The correspondence theorem in my notes is:
Let $N < G$, $\pi = \text{can}:G \rightarrow G/H$. The map $H \rightarrow \pi(H)$ is a bijection between subgroups of $G$ containing $N$ and subgroups of $G/N$. Under this bijection, normal subgroups match with normal subgroups.
I've been asked to prove this theorem using the following three facts:
- $N \triangleleft G$ and $K \leq G/N$ then $\pi^{-1}(K) \triangleleft G \iff K \triangleleft G/N$
- $N \triangleleft G$ and $N \leq H \leq G \implies H = \pi^{-1}\pi(H)$
- Since $\pi$ is surjective, $K \subseteq G/N \implies K = \pi\pi^{-1}(K)$
Firstly, I want to prove that the map $H \rightarrow \pi(H)$ is bijective. Using $2$, I have that $H = \pi^{-1}\pi(H)$ which means that $\pi^{-1}$ is surjective when its pre-image is restricted to $\pi(H)$. in particular this means that the map $\pi(H) \rightarrow H$ is surjective, which is equivalent to $H \rightarrow \pi(H)$ being injective.

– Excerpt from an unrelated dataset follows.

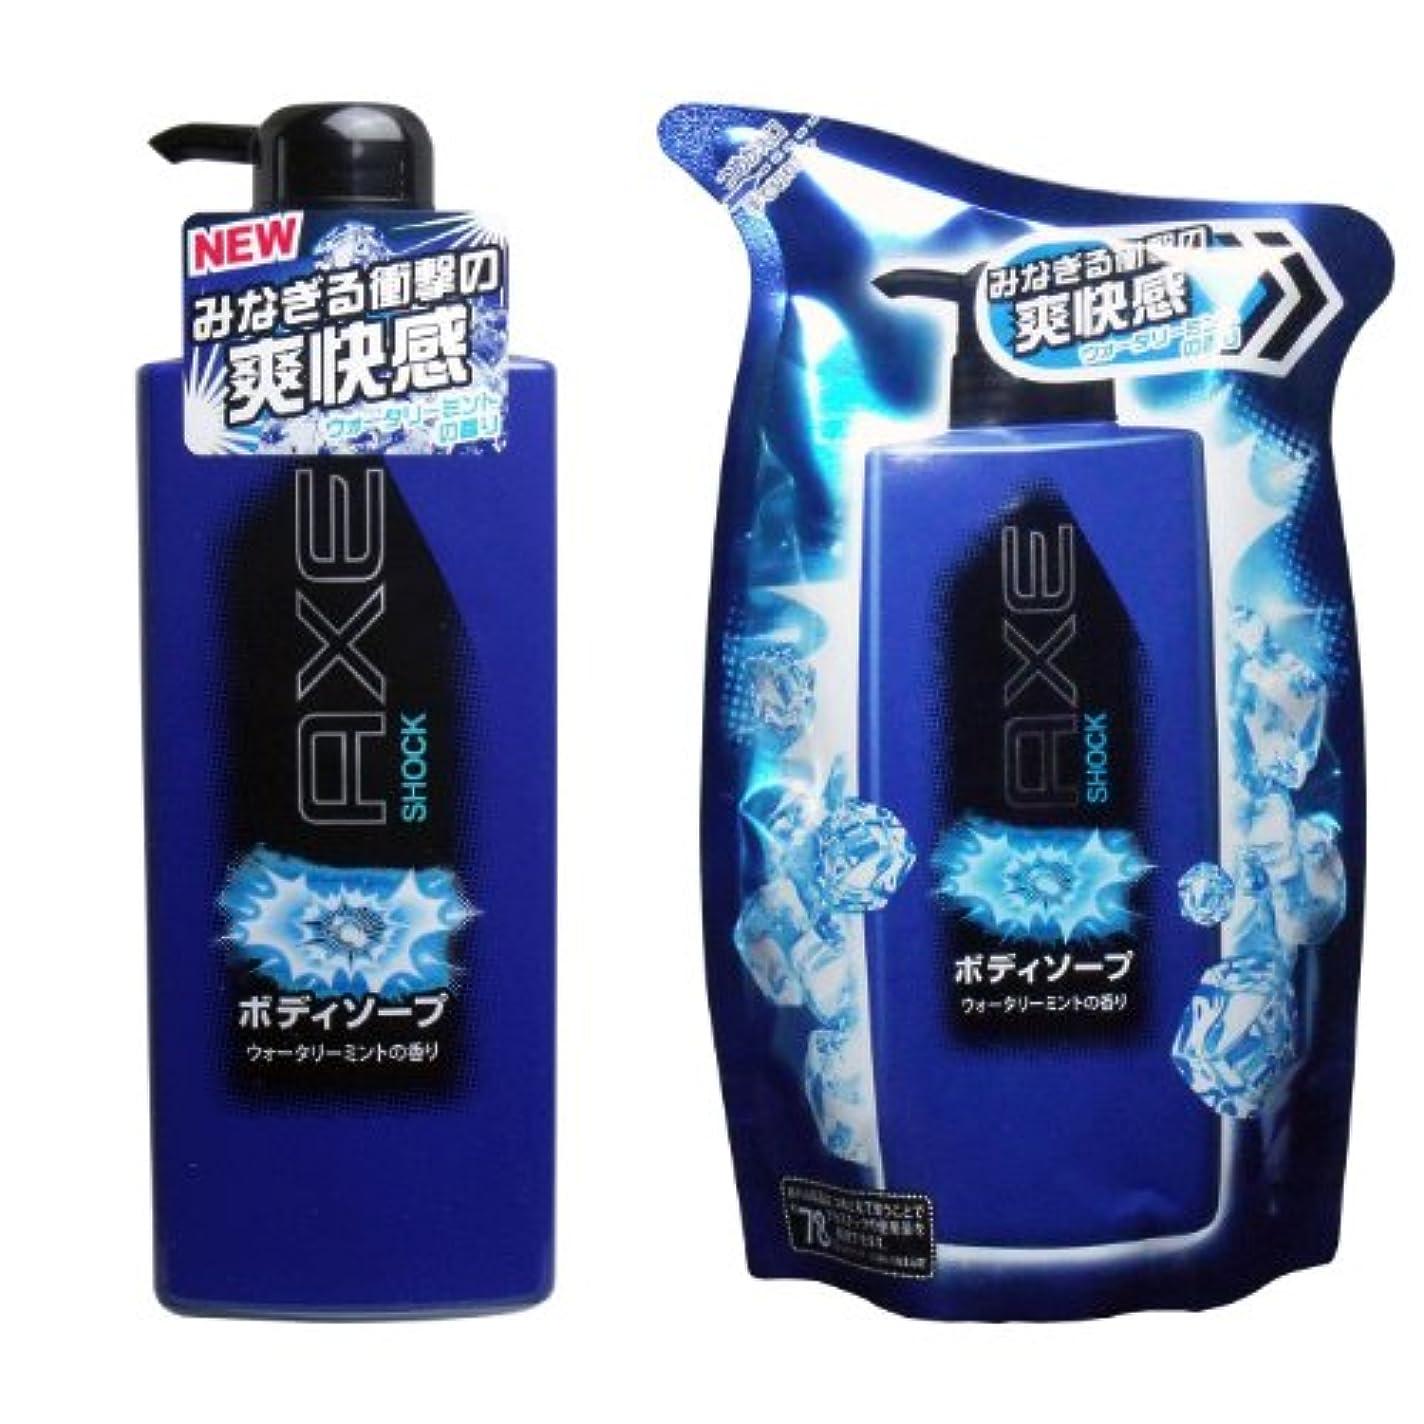 ペナルティ勇敢な収縮AXE(アックス) ボディソープに詰め替え用付きの2点セット (ショック ウォータリーミントの香り)

As for surjection, the map $H \rightarrow \pi(H)$ is clearly surjective by the construction of the map.
Now using $1$, if $K \triangleleft G/N \iff \pi^{-1}(K) \triangleleft G$. Therefore Normal subgroups "match".

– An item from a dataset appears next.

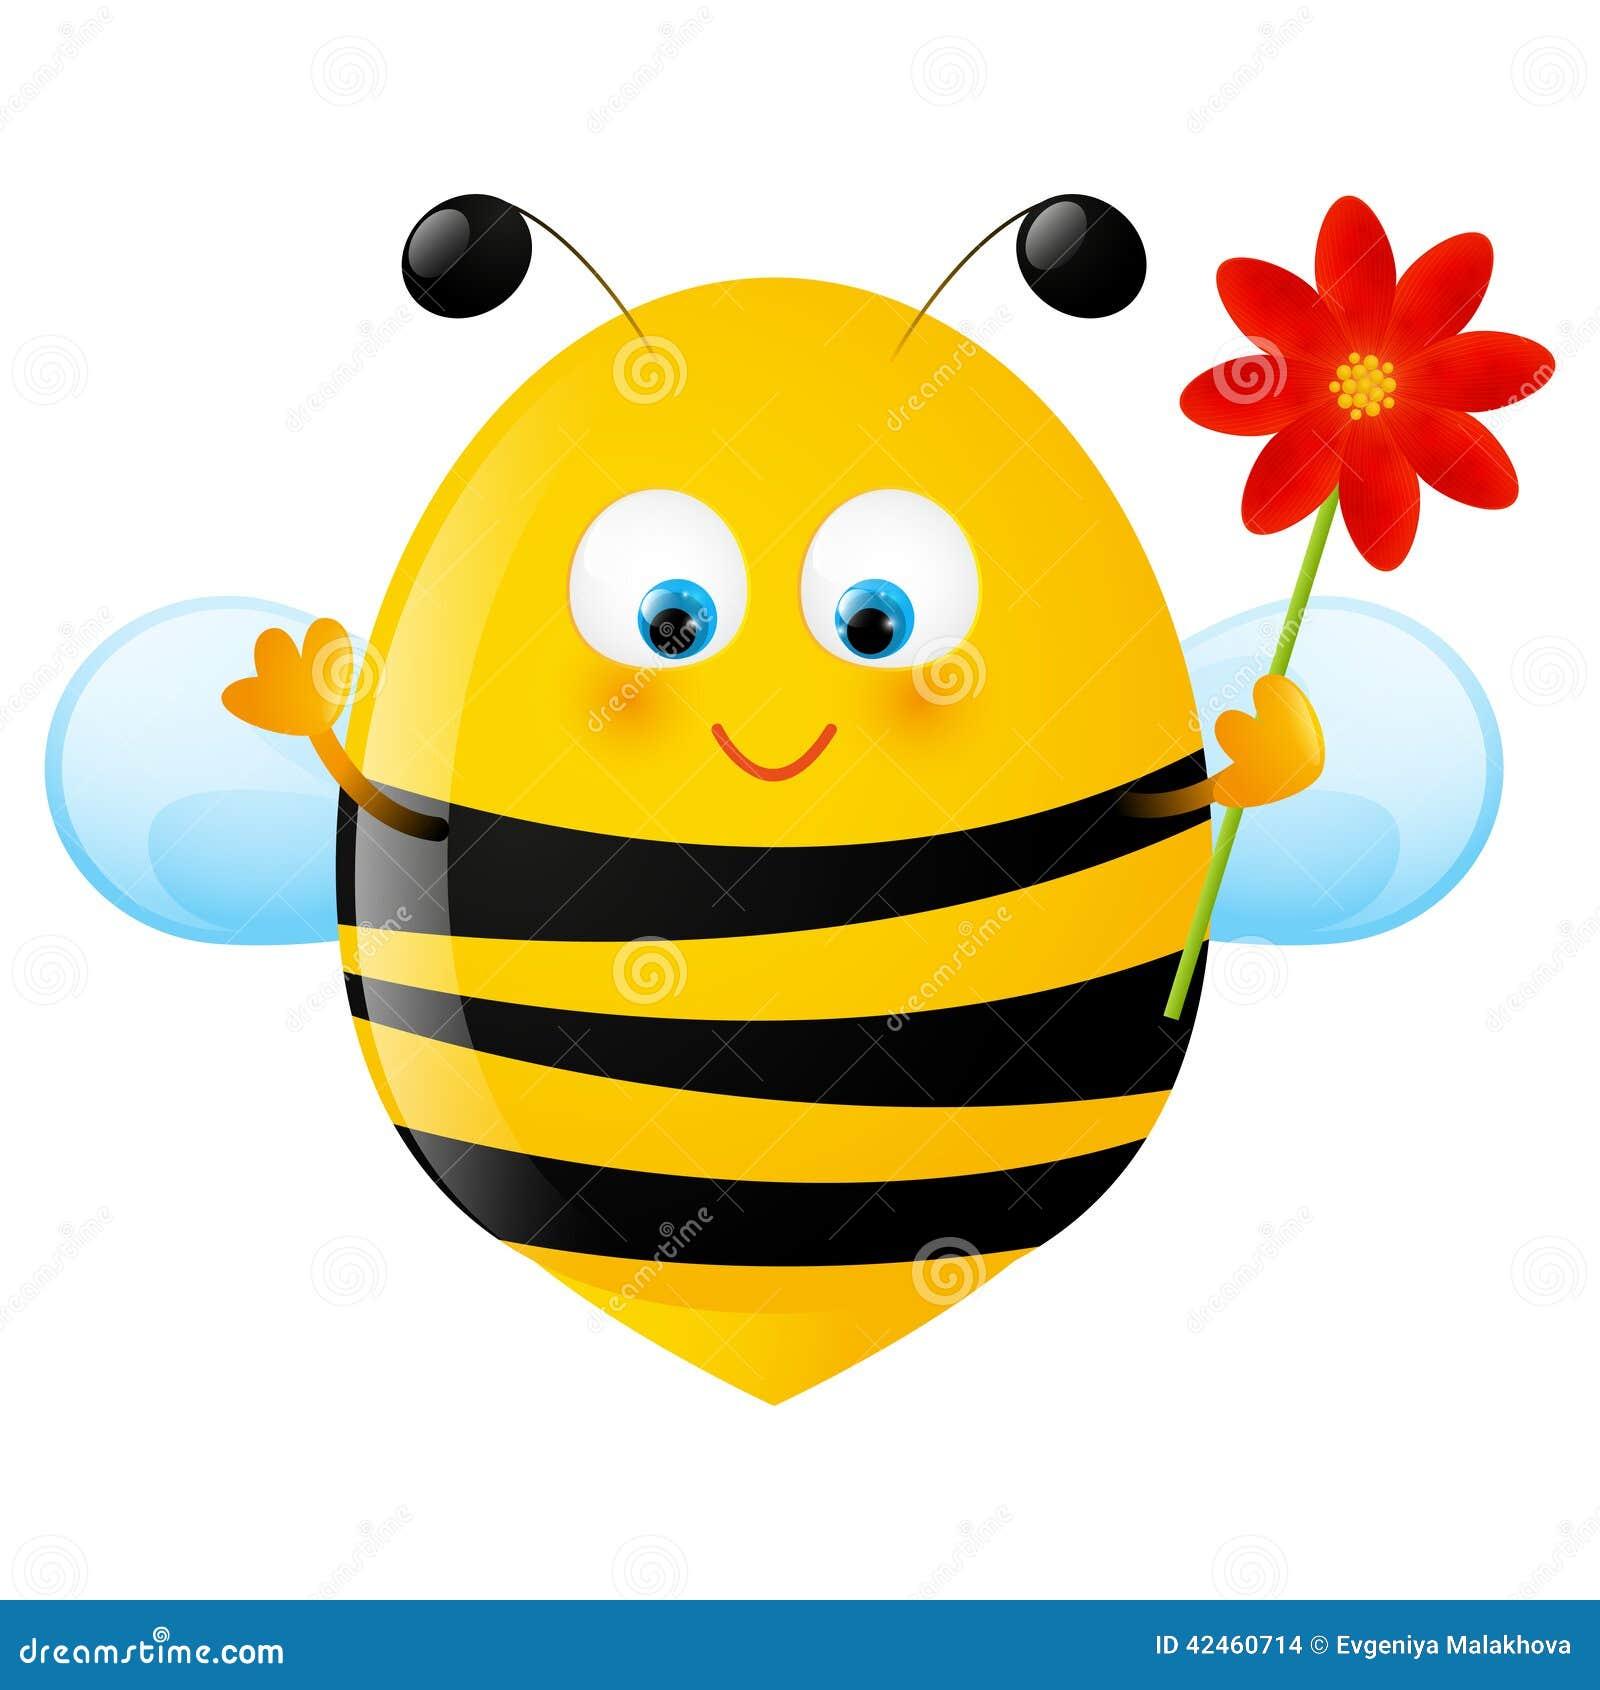 Смешная пчелка рисунок

I haven't used $3$, so I've definitely done something wrong. I would appreciate some help on where I'm going wrong.
Best Answer
I think I found the answer, so I'll post it here.
Firstly I'd like to prove that the map $\phi :H \rightarrow\pi(H)$ is bijective, where $\pi$ is the map $G \rightarrow G/N$. This $\phi$ bijectively maps subgroups of $G$ containing $N$ to subgroups of $G/N$.
Injective: $\phi(H_1) = \phi(H_2) \implies \pi(H_1) = \pi(H_2) \implies \pi^{-1}\pi(H_1) = \pi^{-1}\pi(H_2)$. Now by applying $2$ to each side of this equality, I have that $H_1 = H_2$.
Surjective: Take $A/N \leq G/N$. By $3$ I have that $\pi\pi^{-1}(A/N) = A/N$.
Furthermore, $A/N \leq G/N \implies N \triangleleft A \leq G$. Therefore $\pi^{-1}(A/N) = A$ which is a subgroup of $G$ containing $N$. so $\phi(A) = \pi(A) = A/N$. Therefore the map is also surjective.
Finally, I want to show that normal subgroups in this map "match" with each other. This immediately follows from $1$.